Finally, Let Battle Be Joined in LPGA
RANCHO MIRAGE — The ripples should have started as soon as Annika Sorenstam hit the water, diving headfirst into that murky pool at the 18th green at Mission Hills. Any way you look at it, Sorenstam’s victory plunge could not have happened at a better time for the LPGA.
Let’s face it, despite some of its best efforts, women’s professional golf has not exactly made much of an impression in the mind of the semi-casual fan or the people who feed us our sports news.
Last week, Sorenstam shot the first 59 in LPGA history and broadcast partner ESPN didn’t even show it live, signing off instead to show a men’s tennis match. This week’s LPGA tournament was up against the PGA Tour’s Players Championship, which had two things the $1.5-million Nabisco Championship didn’t: Tiger Woods and a $6-million purse.
What they did have at Mission Hills this week was something that has been missing for a while on the women’s circuit. Is it safe to say it? Would you believe an actual rivalry?
The top two players in the game are Sorenstam and Karrie Webb and there they were, running first and second in a sprint to the first major title of the year. Webb was done first, shooting a 69 Sunday when she knew she needed a 66.
As it turned out, that 66 would have forced a playoff with Sorenstam, who took the lead at the 11th hole and calmly finished one of the greatest stretches of golf in LPGA history . . . if anybody has really noticed.
Sorenstam has played five tournaments this year, winning her last three and finishing second in the first two. Besides setting back-to-back scoring records in her two previous tournaments and going a total of 50 under, she shoots a 59. Then she wins the first major of the year by three shots over a top field.
Back home in Sweden, they’d probably name a fiord after her. Here, she’s mostly a sporting afterthought.
There is a chance, however, that this might change, and it’s all because of the rivalry thing. The reason is simple. As good as Webb was last year when she won seven times, she needed a foil, a protagonist, a foe, someone for comparison’s sake.

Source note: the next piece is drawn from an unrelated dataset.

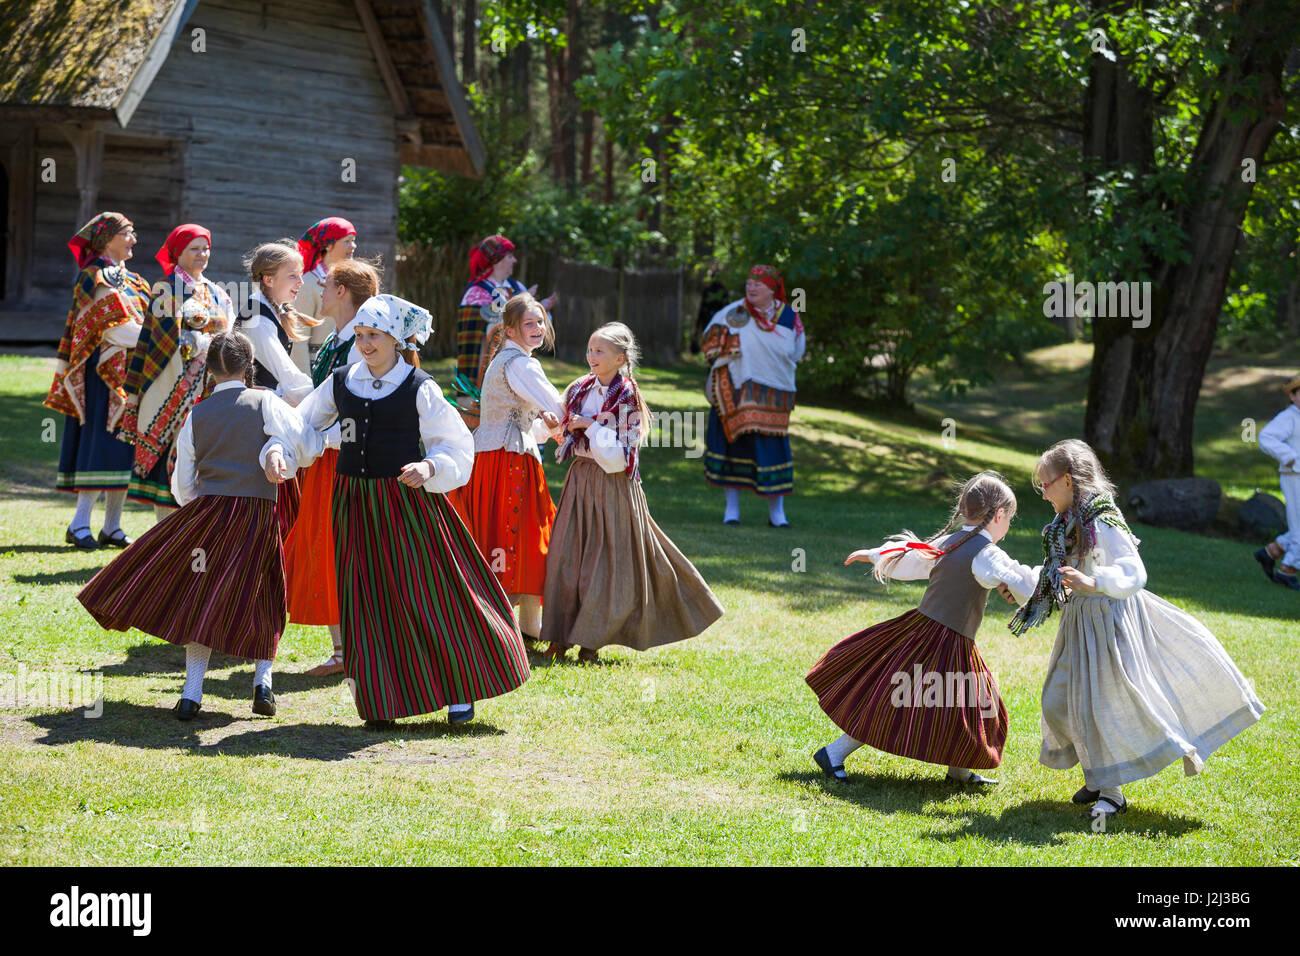 RIGA, LATVIA - 12 JUN 2016: Latvian dancers in national costumes. Cultural event in Latvian Ethnographic Museum. - Stock Image

Sorenstam might have filled that need, but she fell way short in the majors department. Until Sunday at Mission Hills, Sorenstam hadn’t won a major in five years and Webb had won three of the last five.
Now, Sorenstam has replaced Webb as the undisputed best player in women’s golf, which means it’s up to Webb to run down Sorenstam and get that title back.

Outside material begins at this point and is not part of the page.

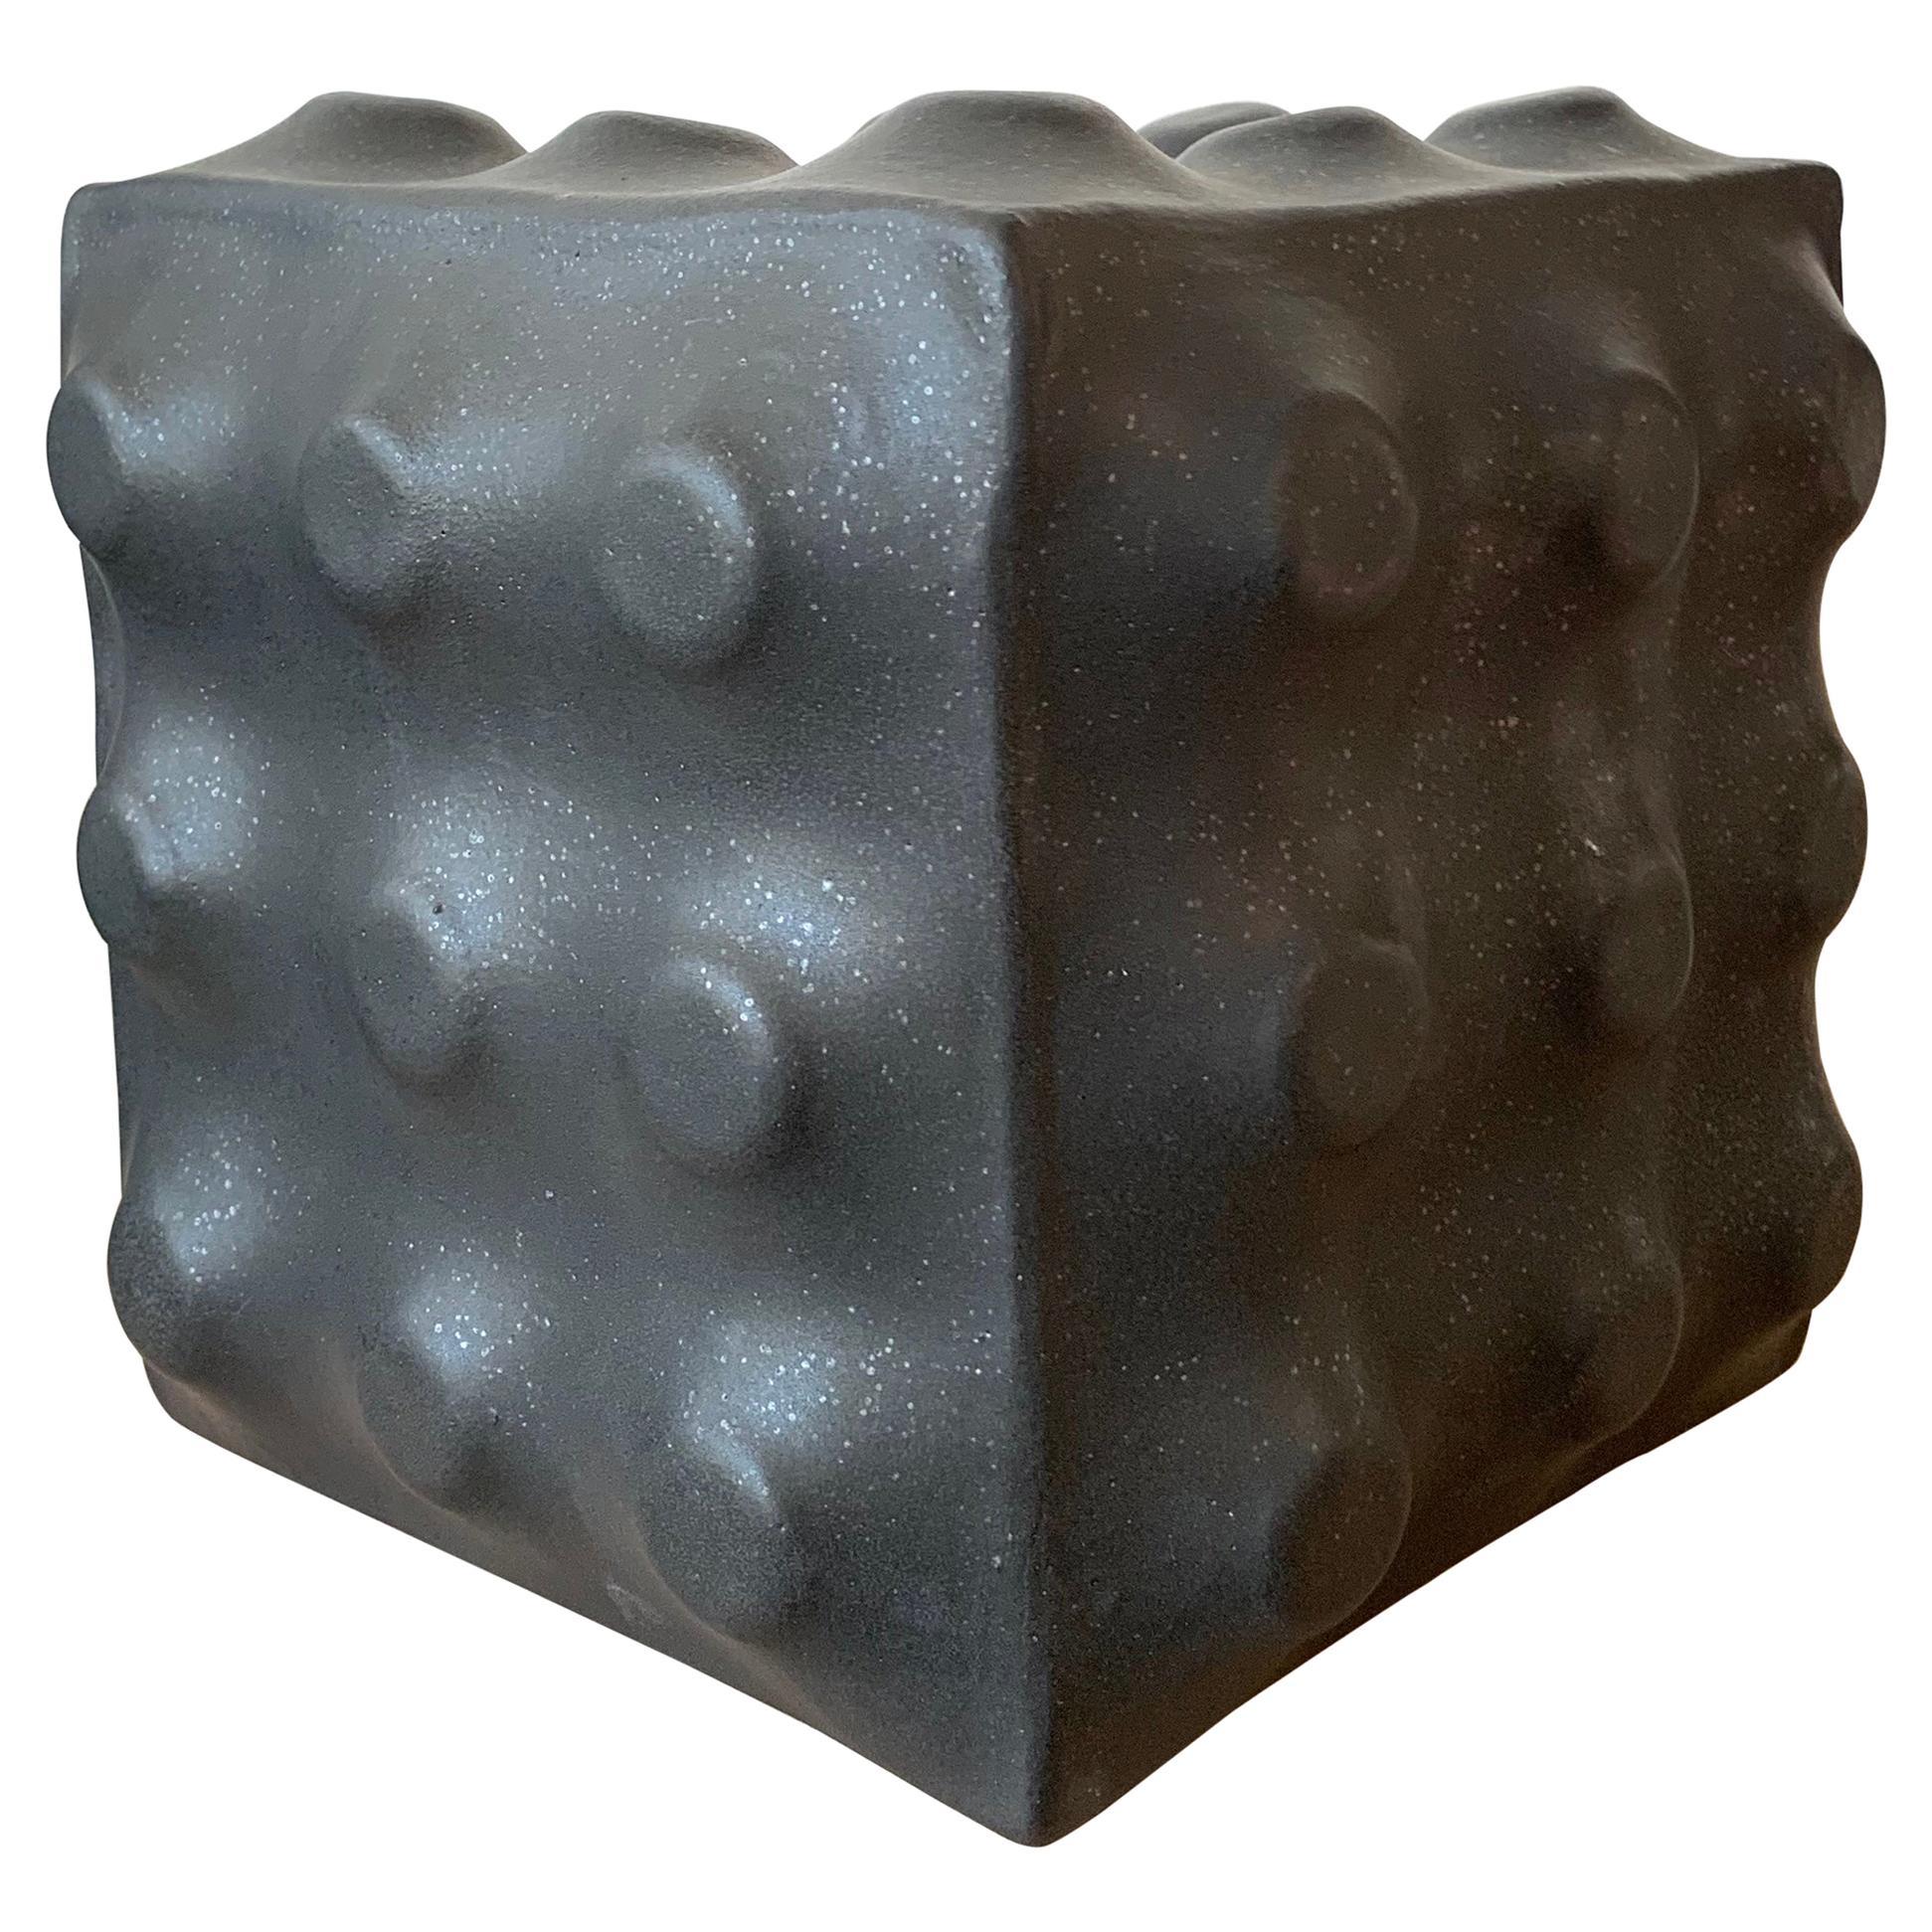 Black Ceramic Cube Sculpture by Luke Shalan

Webb could do something really cool to rile up Sorenstam. Maybe tie her shoelaces together or tape a Pop Tart to her three-wood.
Hey, there aren’t any rules in this thing. At the same time, it is true that playing the rivalry game can be a little tricky, especially in golf.
This isn’t tennis, when you have players going head to head against each other. You just don’t see that often in golf, unless they are paired on the last day.
It’s also helpful for rivals to have interesting personalities. Say what you will about Woods, he has some snap. Webb and Sorenstam are certainly pleasant, but the next time they say something with some fizz in it will be the first.
Sorenstam and Webb must have personalities, we just don’t see them. The LPGA has one funny promotional spot it ran during the weekend on ABC, showing Webb and Sorenstam playing pranks on each other, but it was at least 2 years old.
They must have said something funny since then, or maybe they were just waiting for Sorenstam to win another major.
Of course, it’s just possible that not even a renewed rivalry between the two greatest players in women’s golf is enough. There have been suggestions that the LPGA market its sex appeal the way it did years ago with Jan Stephenson, among others. So who is the one who came up with this new marketing idea? Stephenson, of course.
It worked once, but then so did the rivalry scheme, which is a clear winner in golf marketing. On the men’s side, golf has given us such classic battles as Hogan-Nelson, Palmer-Nicklaus, Nicklaus-Watson and to a degree, even Woods-Duval.
How well Sorenstam-Webb plays remains to be seen, but at least it’s an idea. Now, you mix in somebody like Se Ri Pak and maybe they have something to work on at LPGA headquarters. It could work. And it’s probably a whole lot easier than having to wait for another 59 to get somebody’s attention.